Лизонька. Нет, нет, нет, – выставила она узенькие ладошки, как это делают святые на иконах, – не будем об этом говорить, я только хотела сказать, что даже самый красивый, самый сильный человек ни от чего не защищен.
Я давно не юноша, но меня все-таки поразило, что на улице по-прежнему сияет солнце. И вновь, в стомиллионный раз повергло в оторопь, за какими же прозрачными пленками мы умудряемся укрыться от вселенского кошмара: полумрак, личный конус света над каждым до элегантного похрустывания накрахмаленным столиком, смягченные деликатностью гостеприимные голоса молочных девушек при швабских не то баварских шнурованных корсажах и алых передниках…
– Скажите, пожалуйста, в этих пирожных нет желатина? – с беззащитной мольбой воззвала Женя к тирольской Лизелотте.
– Сейчас спрошу, – вместо того чтобы послать ее к матери-родине, осветила полумрак обезоруженной улыбкой саксен-кобургская Анналора.
– Желатин в пирожных – это сочетание мяса с молоком, самая ужасная смесь. Ее нельзя даже сжечь, чтобы не получить тепло, ее можно только закопать в землю. А вы что закажете?
– Я вообще-то как раз люблю все, что трясется и шипит, – желе “Страх и трепет”, мусс “Пеннорожденный”… Но сейчас ничего не хочу.
– Вы очень добрый человек…
– Я не добрый. Я сквозь них вижу, что такое мы все. Что мы только по чистой случайности сидим здесь, а могли бы…
– Да, да! – с заговорщицким азартом приблизила ко мне свое кукольное личико через столик Женя. – Это так ужасно – сильный, красивый человек может в одну секунду превратиться в дурака, в урода… Я же до этой мерзкой больницы была ловкий, сильный ребенок, нас только двоих с одной девочкой отобрали в пермское балетное училище – я уже в настоящем балете танцевала лягушку… А после больницы уже не могла запрыгнуть на этого мерзкого коня… Я даже писать разучилась, а до этого училась на одни пятерки.
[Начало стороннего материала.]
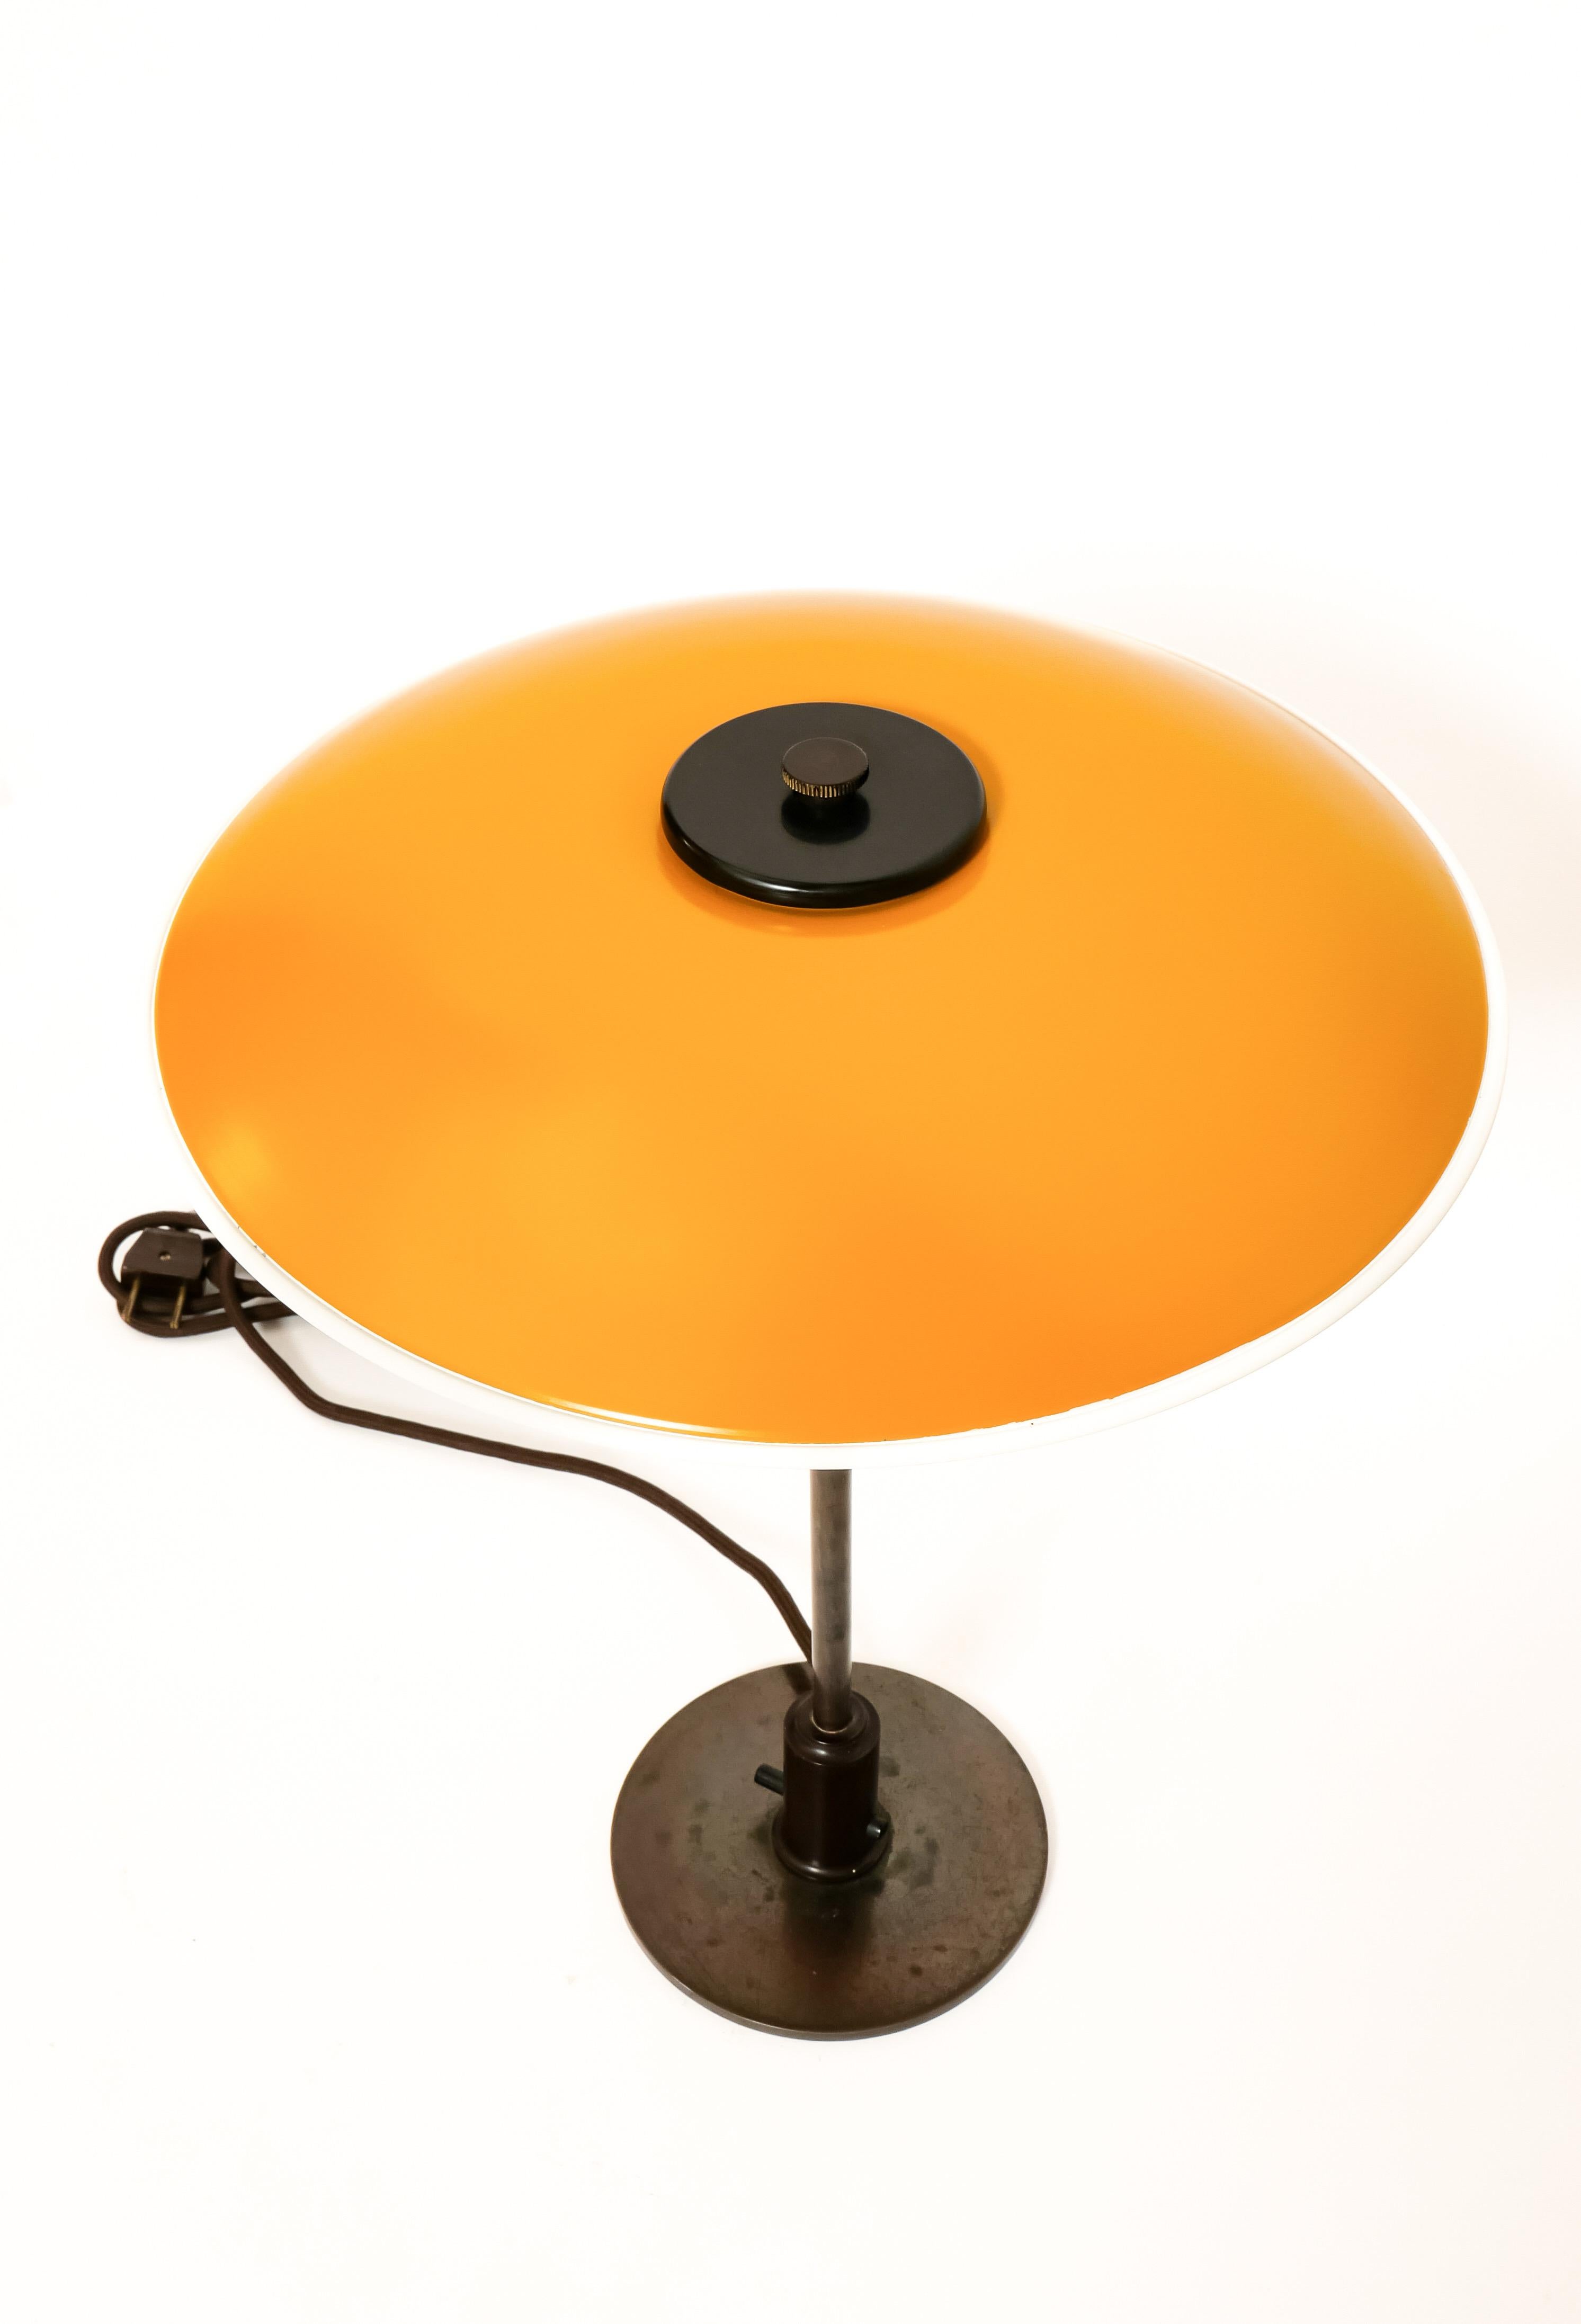 Scandinavian Modern Poul Henningsen 4/3 Table Lamp 1940s For Sale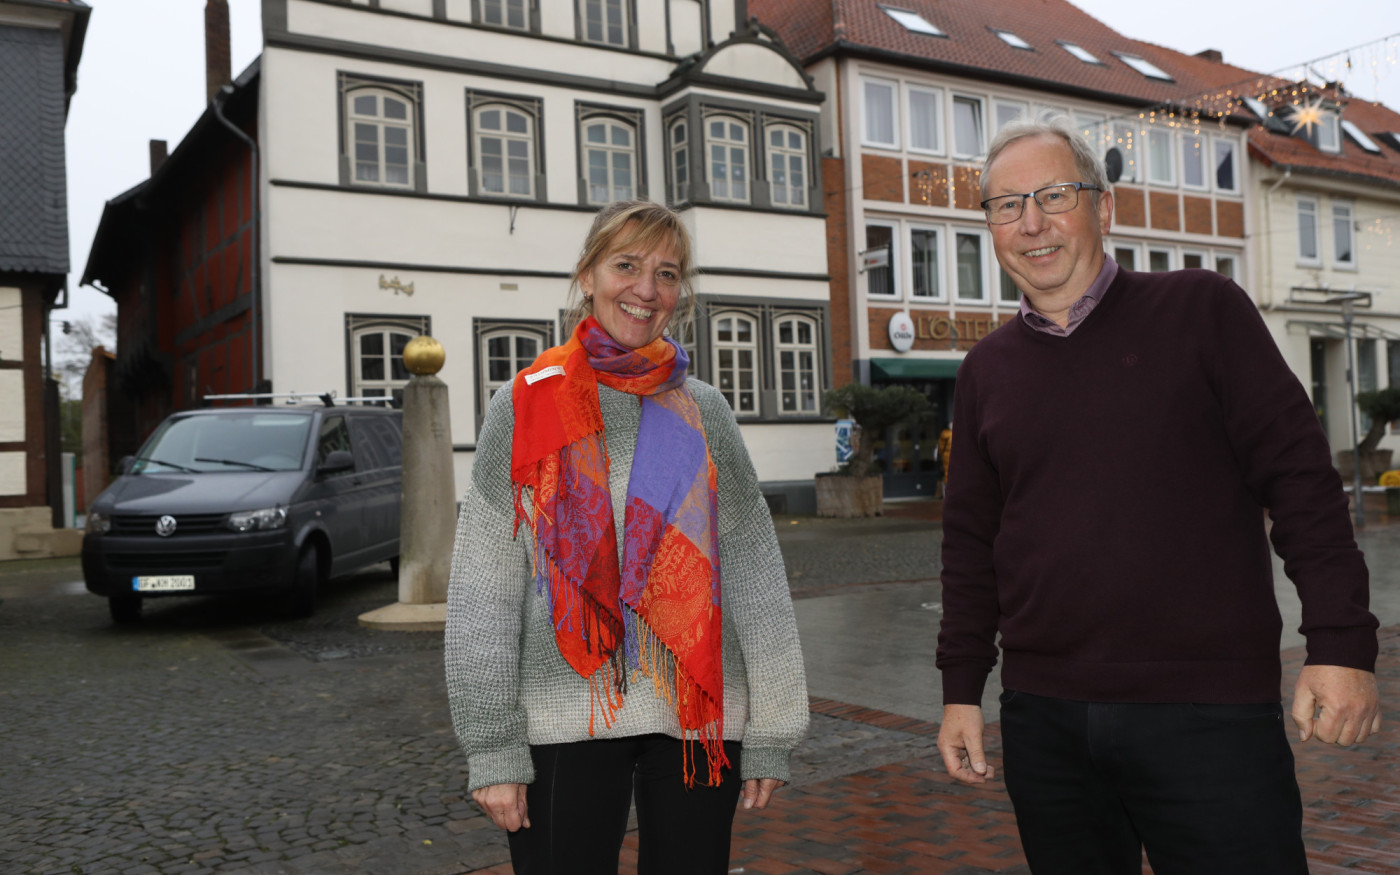 Wir wollen uns stärker als bisher um die Mitglieder kümmern - Der neue Vorsitzende Klaus Meister und Elga Eberhardt sprechen über die Zukunft des Gifhorner Kulturvereins

Если бы, не дай бог, что-то с родителями случилось, меня бы точно законопатили в такой же интернат, как мою тетю… Нет-нет-нет, – отпихивающее движение узкими ладошками, – про Лизоньку не буду, а вот на занятиях по анатомии у нас лягушек сначала всегда усыпляли, клали их в такую большую банку с ваткой с хлороформом… А однажды почему-то хлороформа не было, и преподавательница для скорости убила ее иголкой, уколола в мозг. И лягушка закричала . Они же обычно квакают, а она именно
закричала . И мы все замерли. Вообще-то у нас даже с сонными лягушками ужасно обращались – у них же все работает, сердце бьется, легкие дышат, все так великолепно устроено, – а потом бросают в таз, и они там доходят. И тогда их ужасно жалко – все-таки, пока их изучают, они еще чему-то служат, а когда их разрезанных бросают в таз и они там шевелятся, пальчики растопыривают…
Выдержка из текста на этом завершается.